Dia memandang kasus kematian Munir dapat dibawa ke Pengadilan Hak Asasi Manusia (HAM). Setidaknya ada dua indikator penting yang memungkinkan hal tersebut terjadi.
"UU HAM itu ada definisi tentang extrajudicial killing (pembunuhan di luar hukum) sebagai pelanggaran berat hak asasi manusia.

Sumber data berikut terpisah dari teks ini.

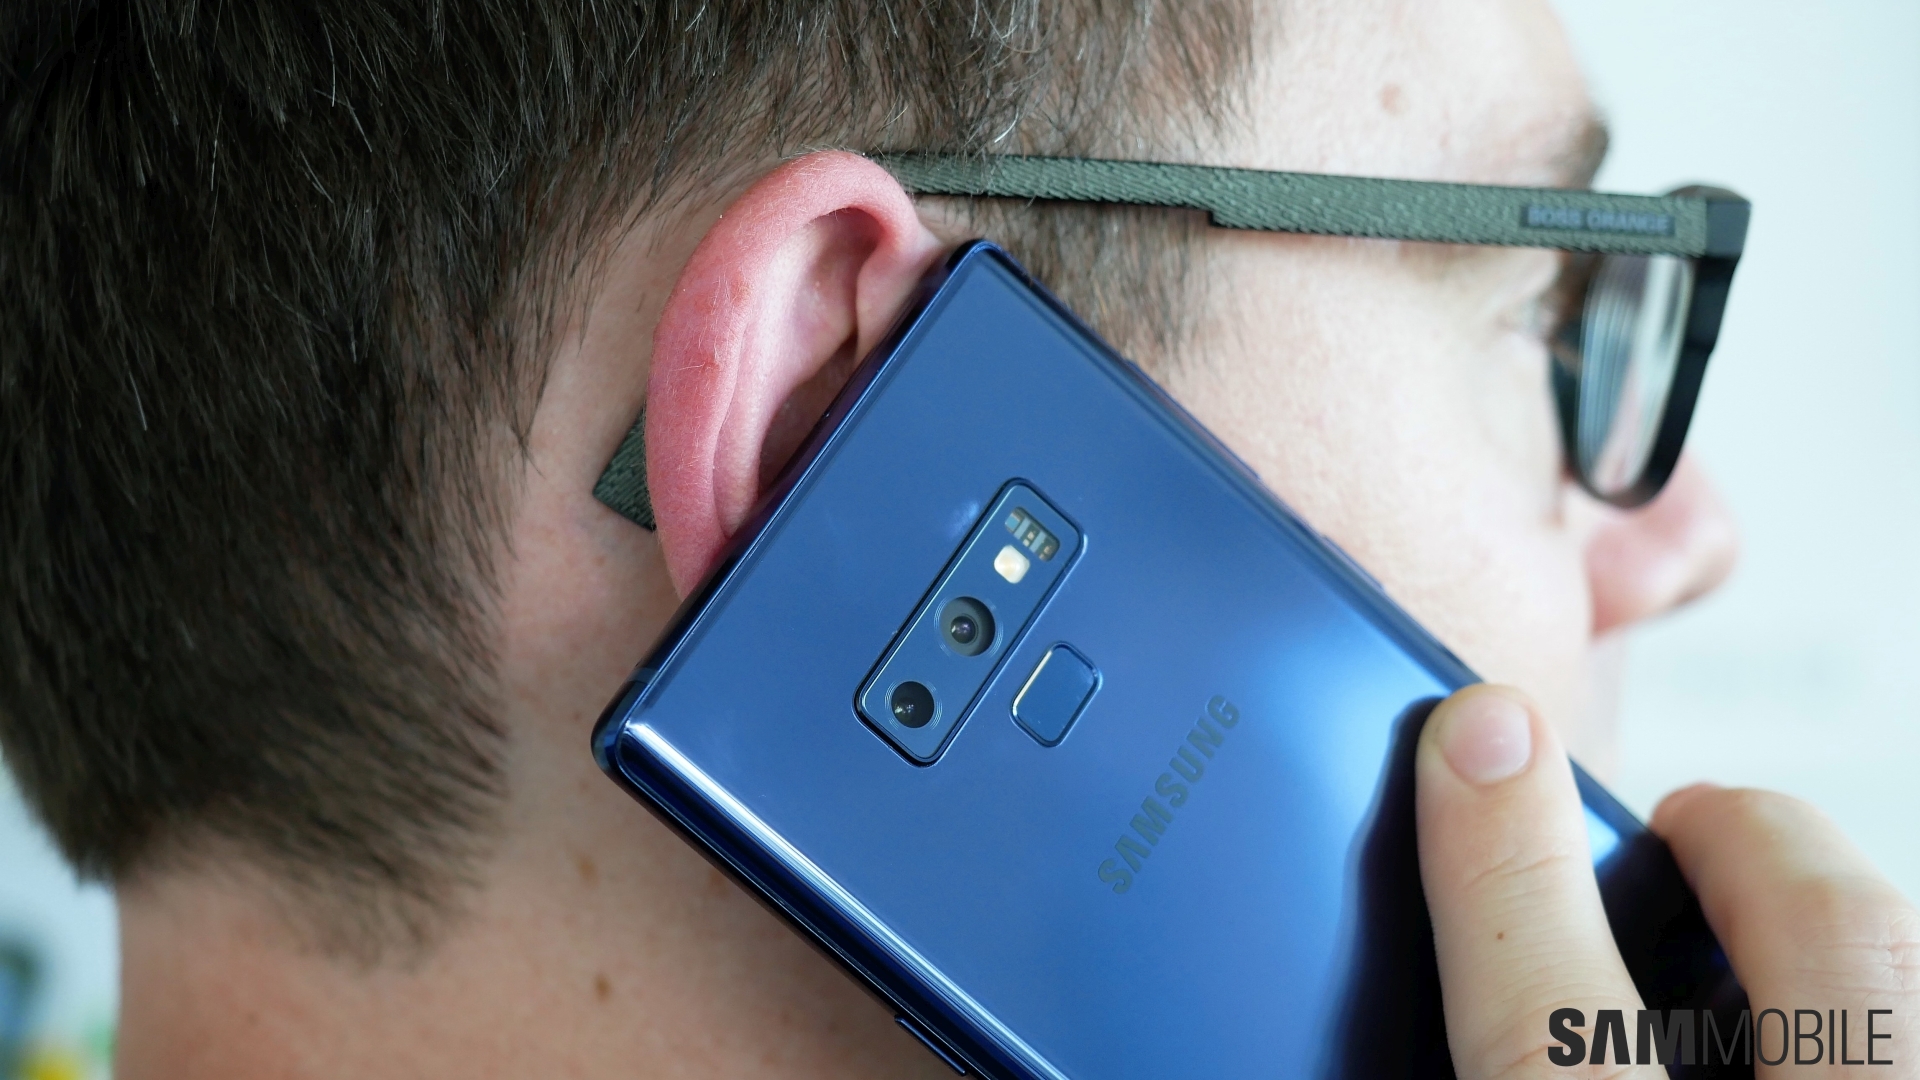 Galaxy Note 10 may feature Sound on Display instead of an earpiece

Di dalam Undang-undang Pengadilan HAM, itu ada crime against humanity (kejahatan terhadap kemanusiaan)," ungkap Usma.
"Dengan dua pengertian itulah maka kasus Munir bisa dibawa ke Pengadilan HAM," tambah dia yang merupakan pengajar di Sekolah Tinggi Hukum (STH) Indonesia Jentera.
Munir Said Thalib dibunuh pada 7 September 2004. Dia mengembuskan napas terakhir di dalam pesawat Garuda Indonesia yang membawanya ke Amsterdam, Belanda.
Hasil autopsi menyimpulkan bahwa Munir tewas karena racun arsenik di tubuhnya.
Proses hukum sudah berjalan. Pollycarpus Budihari Priyanto divonis oleh majelis hakim Tjitut Sutiyarso selama 14 tahun penjara.
Namun, Mahkamah Agung (MA) mengabulkan kasasi yang diajukan Pollycarpus yang menyatakan bahwa dirinya tidak bersalah atas pembunuhan aktivis HAM tersebut.
Pollycarpus hanya divonis bersalah atas pemalsuan surat pada tahun 2008. Ia bebas pada Agustus 2018 lalu setelah mendapat remisi atau pemotongan masa tahanan sebanyak 51 bulan 80 hari.
Aktor lain yang menjalani hukuman kasus kematian Munir adalah Indra Setiawan, mantan Direktur Garuda Indonesia yang divonis satu tahun penjara karena terbukti bersalah telah memberi bantuan pembunuhan berencana terhadap Munir. Indra bebas pada April 2008 setelah menjalani masa tahanan sesuai keputusan PN Jakarta Pusat.
Selain Pollycarpus dan Indra, ada Muchdi Prawirandjono yang juga terlibat dalam kematian Munir. Namun, Muchdi Pr divonis bebas oleh majelis hakim Pengadilan Negeri Jakarta Selatan pada Desember 2008 lalu. Kejaksaan Agung tidak mengajukan peninjauan kembali atas vonis tersebut.